First, let's prepare input data set using excelent timetk library. weather_pl dataset from torchts package contains 19-year history of weather data from two Polish "poles of extreme temperature", i.e. Suwałki and Tarnów. In this excercise, we'll use a slice of data registered in the "pole of warmth", i.e in the city of Tarnów.

tarnow_temp <- 
  weather_pl %>% 
  filter(station == "TRN") %>% 
  select(date, tmax_daily, tmin_daily, press_mean_daily)

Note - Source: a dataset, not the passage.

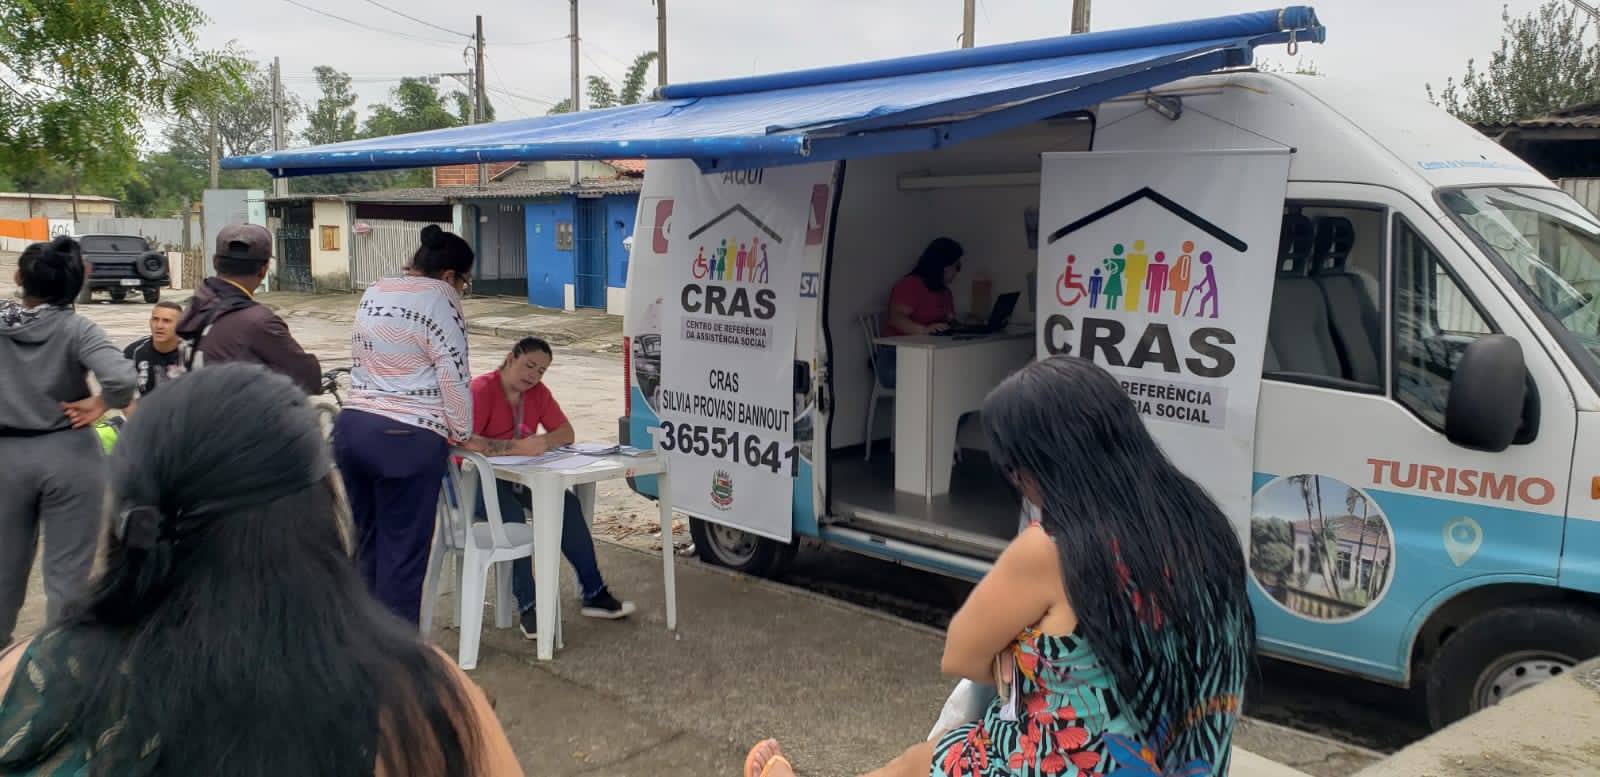 CRAS realiza a ação “O CRAS está aqui” no bairro Santa Luzia
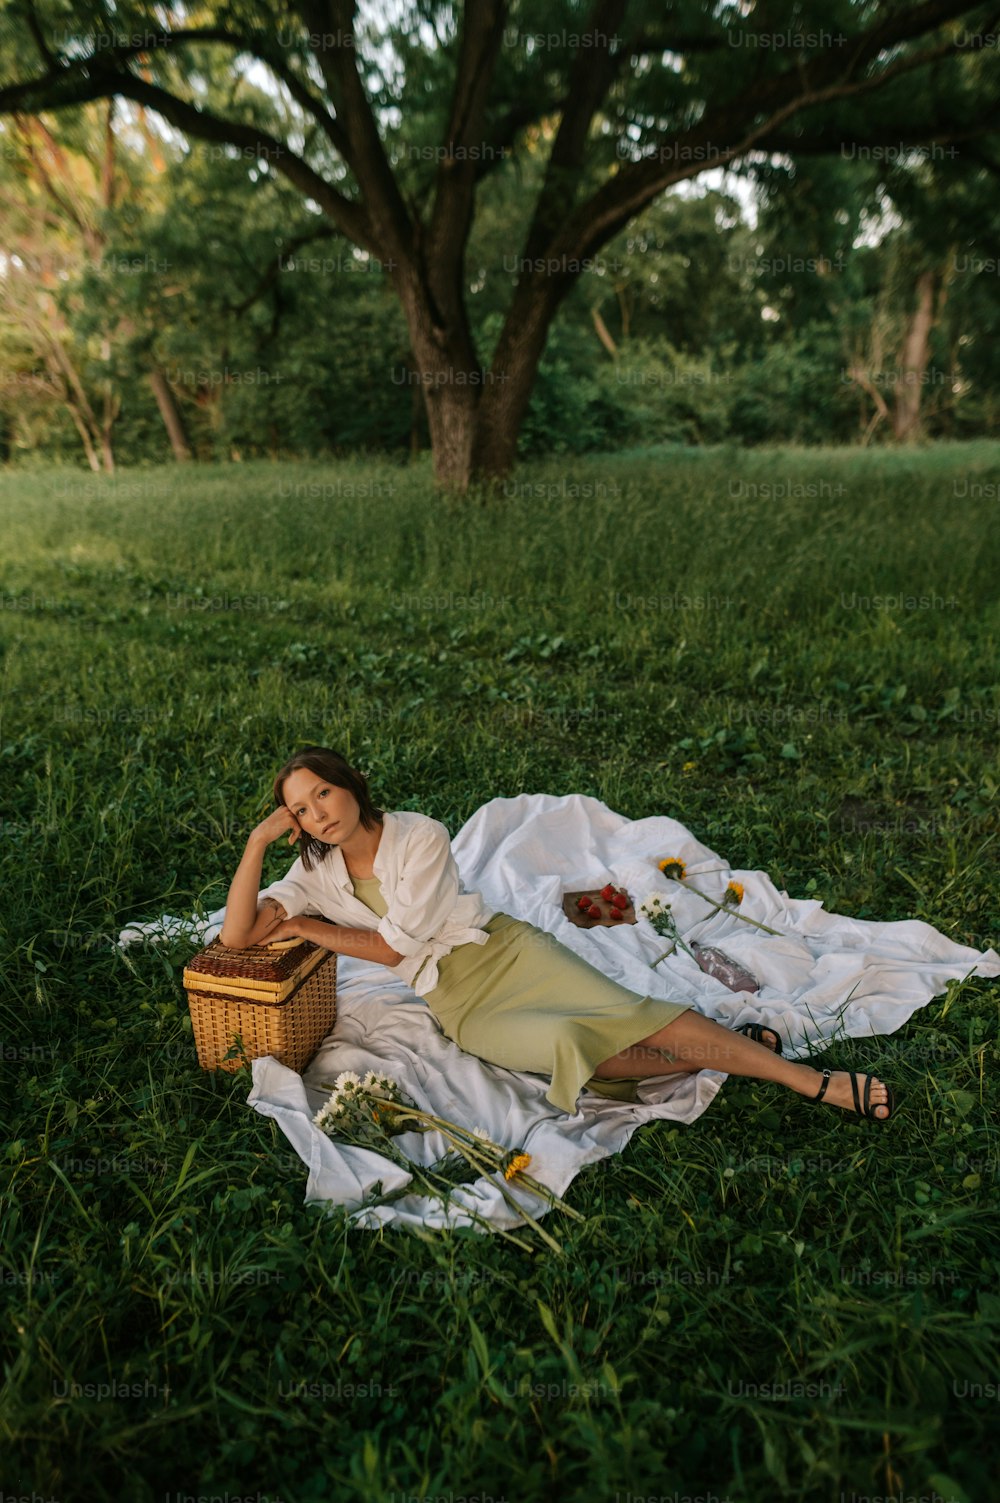 풀밭에 담요를 깔고 누워 있는 여자

tk_summary_diagnostics(tarnow_temp, date)

tarnow_temp <- 
  tarnow_temp %>% 
  mutate(year_day =  as.numeric(lubridate::yday(date)))

As we can see, this is a time series between 1th of Janury 2001 till the end of 2020 - twenty years. In the next step, we'll split our data into two training and testing datasets using a handy time_series_split function.

Univariate time series

EPOCHS    <- 10
HORIZON   <- 7
TIMESTEPS <- 28

data_split <- 
  time_series_split(
    tarnow_temp, date, 
    initial = "18 years",
    assess  = "2 years", 
    lag     = TIMESTEPS
  )

mlp_model <-
  torchts_mlp(
    tmax_daily ~ date + year_day,
    data         = training(data_split),
    timesteps    = TIMESTEPS,
    horizon      = HORIZON,
    jump         = 1, 
    epochs       = EPOCHS,
    learn_rate   = 0.001,
    hidden_units = c(50, 30), 
    batch_size   = 32,
    scale        = TRUE,
    device       = 'cuda' 
  )

We want to generate forecast for a full year. To do so, we'll remove the outcome column values we'd like to forecast. Bear in mind that input data differs from the inputs for classical tabular-data algorithms. In this specific case, we have to keep some "history" (in this case: r TIMESTEPS steps, i.e: r TIMESTEPS days).

# Clear outcome variable
# Ostrzeżenie, jeśli wyczyszczono za dużo danych
cleared_new_data <- 
  testing(data_split) %>% 
  clear_outcome(date, c(tmax_daily), TIMESTEPS)

fcast <-
  mlp_model %>%
  predict(new_data = testing(data_split))

fcast <-
  mlp_model %>%
  predict(new_data = cleared_new_data)

fcast <- tibble(.pred = fcast)

# plot(ts(fcast))

plot_forecast(
  testing(data_split),
  fcast,
  tmax_daily
)

# fcast_vs_true <- 
#   bind_cols(
#     n = 1:nrow(testing(data_split)),
#     actual = testing(data_split)$tmax_daily, 
#     fcast
#   ) %>% 
#   tidyr::pivot_longer(c(actual, .pred))
#   
# ggplot(fcast_vs_true) + 
#   geom_line(aes(n, value, col = name)) +
#   theme_minimal() + 
#   ggtitle("Forecast vs actual values")

# test_input <- c(
#   -0.9743, -1.0750, -1.3369, -1.2966, -1.2866, -0.9440, -1.2866, -1.3168,
#          -0.8634, -0.9138, -1.0548, -0.9440, -0.8231, -1.2160, -1.1757, -0.8634,
#          -0.6519, -0.5612, -0.8131, -1.2765, -1.1153, -0.6922, -0.3799, -0.5914,
#          -0.9843
# )
# 
# inp <- torch_tensor(array(test_input, dim = c(1, 28)))$cuda()
# 
# 
# mlp_model$net(x_num = inp)

Multivariate time series

In the next next, we're adding new predictor: press_mean_daily. It means that we extend the autoregressive model we obtained in the previous exercise by providing a variable that could be recognised as external regressor (what is a term commonly used in the context of methods like ARIMA etc.).

EPOCHS    <- 10
HORIZON   <- 7
TIMESTEPS <- 28

data_split <- 
  time_series_split(
    tarnow_temp, date, 
    initial = "18 years",
    assess  = "2 years", 
    lag     = TIMESTEPS
  )

rnn_model <-
  torchts_rnn(
    tmax_daily ~  date + tmax_daily + year_day,
    data = training(data_split),
    timesteps    = TIMESTEPS,
    horizon      = HORIZON,
    jump         = 1, 
    epochs       = EPOCHS,
    learn_rate   = 0.001,
    hidden_units = 30,
    batch_size   = 32,
    scale        = TRUE,
    device       = 'cuda' 
  )

# Clear outcome variable
cleared_new_data <- 
  testing(data_split) %>% 
  clear_outcome(date, tmax_daily, 20)

# Forecast
fcast <-
  rnn_model %>%
  predict(new_data = testing(data_split))

plot_forecast(
  head(testing(data_split), nrow(fcast)),
  fcast,
  tmax_daily
)